SECURITIES AND EXCHANGE COMMISSION
Washington, D.C. 20549
FORM 8-K
CURRENT REPORT
PURSUANT TO SECTION 13 OR 15(d) OF THE SECURITIES EXCHANGE ACT OF 1934
PURSUANT TO SECTION 13 OR 15(d) OF THE SECURITIES EXCHANGE ACT OF 1934
Date of Report (Date of Earliest Event Reported)March 2, 2009
Commission File | Registrant, State of Incorporation, Address of | I.R.S. employer | ||
Number | Principal Executive Offices and Telephone | Identification | ||
Number | Number | |||
1-08788 | NV ENERGY, INC. | 88-0198358 | ||
Nevada | ||||
6226 West Sahara Avenue | ||||
Las Vegas, Nevada 895146 | ||||
(702) 402-5000 | ||||
2-28348 | NEVADA POWER COMPANY | 88-0420104 | ||
d/b/a NV Energy | ||||
Nevada | ||||
6226 West Sahara Avenue | ||||
Las Vegas, Nevada 895146 | ||||
(702) 402-5000 |
None
(Former name, former address and former fiscal year, if changed since last report)
Check the appropriate box below if the Form 8-K filing is intended to simultaneously satisfy the filing obligation of the registrant under any of the following provisions:
o | Written communications pursuant to Rule 425 under the Securities Act (17 CFR 230.425) | |
o | Soliciting material pursuant to Rule 14a-12(b) under the Exchange Act (17 CFR 240.14a-12(b)) | |
o | Pre-commencement communications pursuant to Rule 14d-2(b) under the Exchange Act (17 CFR 240.14d-2(b)) | |
o | Pre-commencement communications pursuant to Rule 13e-4(c) under the Exchange Act (17 CFR 240.13e-4(c)) |
2.03 — Creation of a Direct Financial Obligation or an Obligation under an Off-Balance Sheet Arrangement of a Registrant.
On March 2, 2009, Nevada Power Company d/b/a NV Energy (“Nevada Power”), a wholly-owned subsidiary of NV Energy, Inc., issued and sold $500 million of its 7.125% General and Refunding Mortgage Notes, Series V, due 2019 (the “Series V Notes”). Nevada Power will pay interest on the Series V Notes on March 15 and September 15 of each year, beginning on September 15, 2009. The Series V Notes will mature on March 15, 2019. The Series V Notes were issued pursuant to a registration statement (No. 333-146100-02) previously filed with the Securities and Exchange Commission (“SEC”). Nevada Power filed a prospectus supplement with the SEC in connection with the issuance of the Series V Notes.
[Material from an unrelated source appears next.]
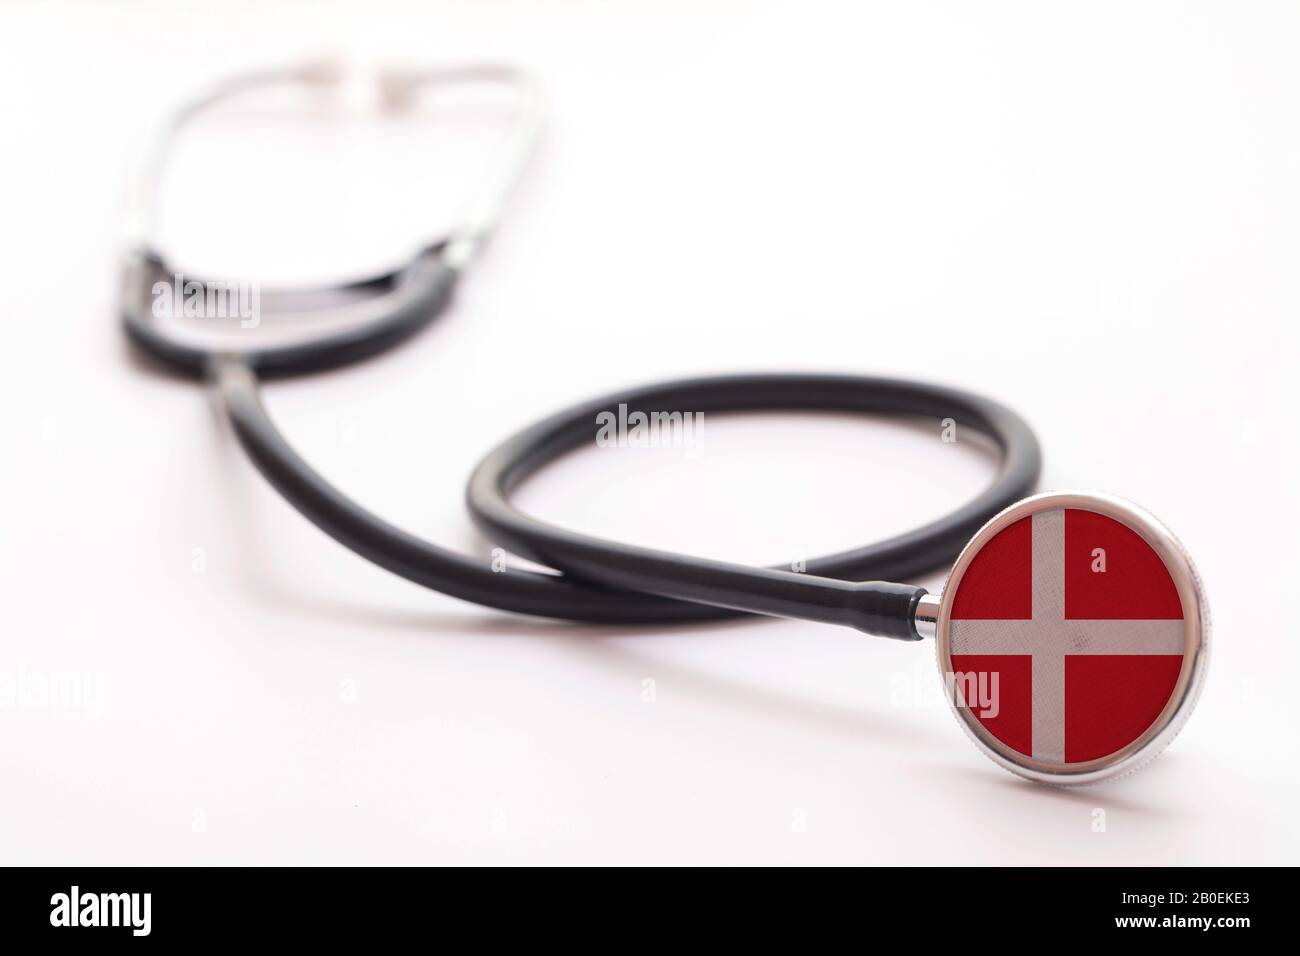 Danimarca sanitaria immagini e fotografie stock ad alta risoluzione - Alamy

The net proceeds from the issuance of the Series V Notes will be approximately $495.8 million, after deducting the underwriting discount and estimated expenses. Nevada Power intends to use approximately $403.6 million of the net proceeds from the sale of the Series V Notes to repay amounts outstanding under Nevada Power’s Revolving Credit Facility with Wachovia Bank, N.A., dated November 4, 2005, as amended, and the remaining approximately $92.2 million of the net proceeds from the sale of the Series V Notes for general corporate purposes.
Nevada Power may redeem the notes at its option at any time, in whole or in part, at a price of 100% of the principal amount of the Series V Notes being redeemed plus a make-whole premium.
Signatures
Pursuant to the requirements of the Securities Exchange Act of 1934, the Registrants have each duly caused this report to be signed on their behalf by the undersigned, thereunto duly authorized.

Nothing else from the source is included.